Contributor Rewards was looking for ways to support stations as they face budget constraints due to the COVID-19 pandemic, Howe said. 

“Nobody needs to explain to anybody that times are difficult right now,” Howe said. “So if there’s something that we could do to support the industry, to get to the other side of this mess that we’re in, then I’m all for that.”

Already, stations have announced cuts because of lagging revenue from membership and other sources due to the pandemic. 

In late 2018, stations also had the opportunity to receive free codes for the album but ordered fewer than 16,000 codes, Howe said. This time, the two stations with the largest orders received 40,000 codes, which would have normally cost more than $300,000. One code usually costs $7.95, about half the retail price.

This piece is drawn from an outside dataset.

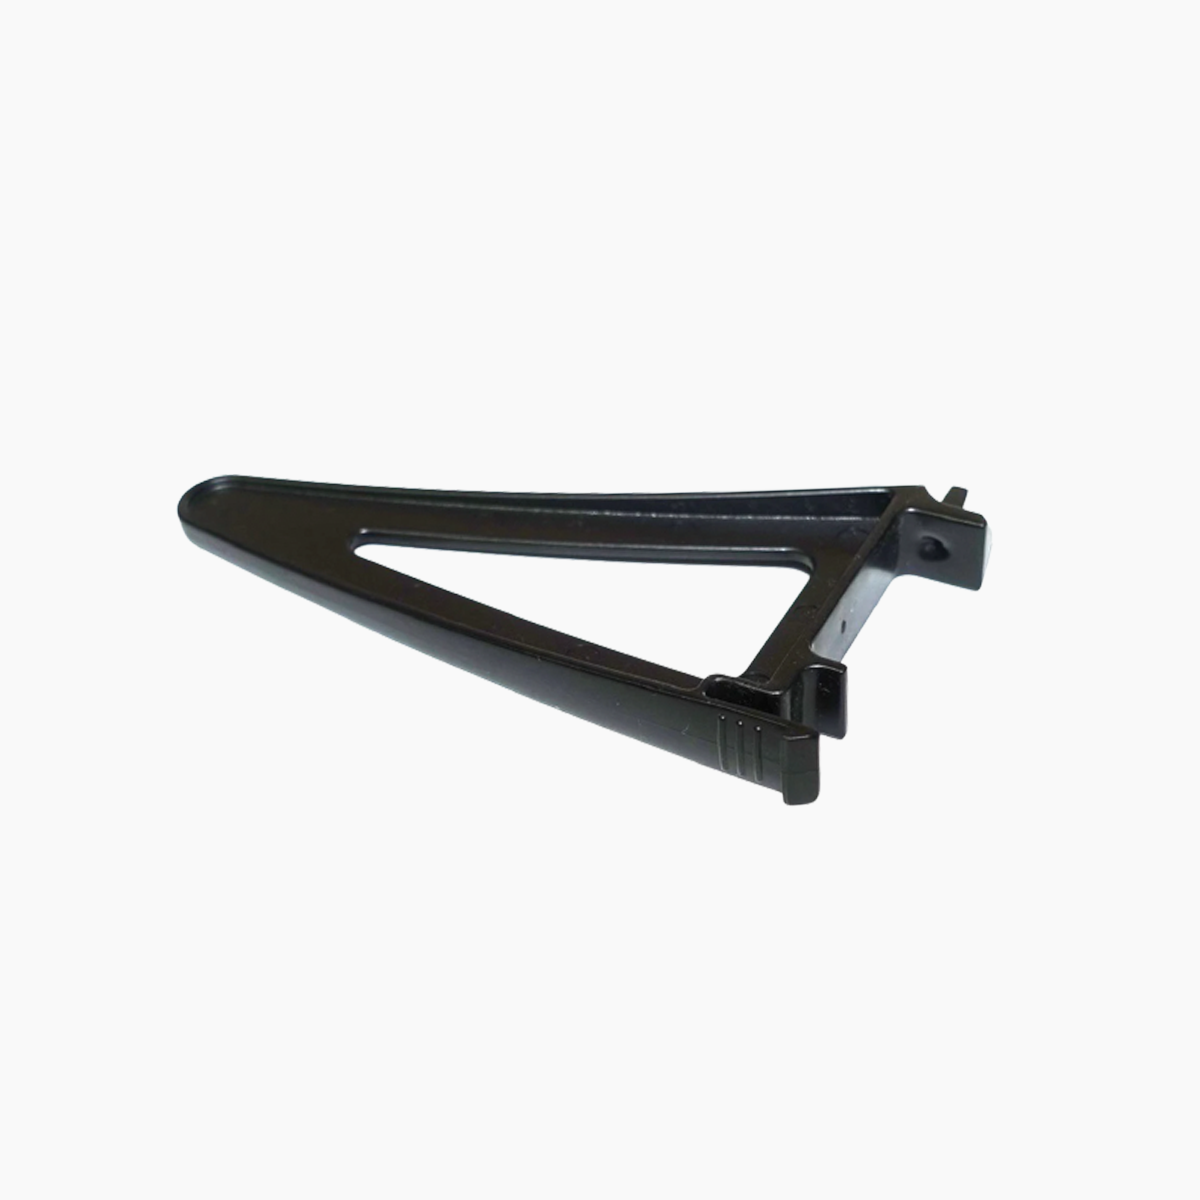 Replacement - Kickstand for PhotoSpring 8 (Black)

Contributor Rewards is suggesting that stations use the codes as a goodwill gesture, such as an out-of-the-blue thank-you email to current and former donors, rather than a fundraising premium.

“The goodwill generated by that no-ask communication …  can’t help but make future fundraising efforts more valuable or more successful just because people love to feel appreciated,” Howe said. 

The free codes seemed “too good to be true,” said Lindsay Kuntzman Hilewick, fundraising and communications director at WKSU in Kent, Ohio.

When the album was last offered to stations for free, the station used it as a thank-you gift to donors, “and the response was incredible,” Hilewick said. 

This time, the station sent codes to all of its active members and to former members who had let their memberships expire in the last three months. 

“Budgets are obviously tight right now — both for individuals and for the station,” Hilewick said. “Having these codes meant our supporters could enjoy something that might bring some levity to their lives — that they might not be able to afford right now — and we were able to share something that wouldn’t have fit in the station’s budget at this time.”

The station has seen an increase in additional gifts over the past few weeks, Hilewick said. “While we can’t directly say it’s related to these codes, those codes were one of several tactics we used to help strengthen our relationship with donors and showcase the value of public radio,” Hilewick said.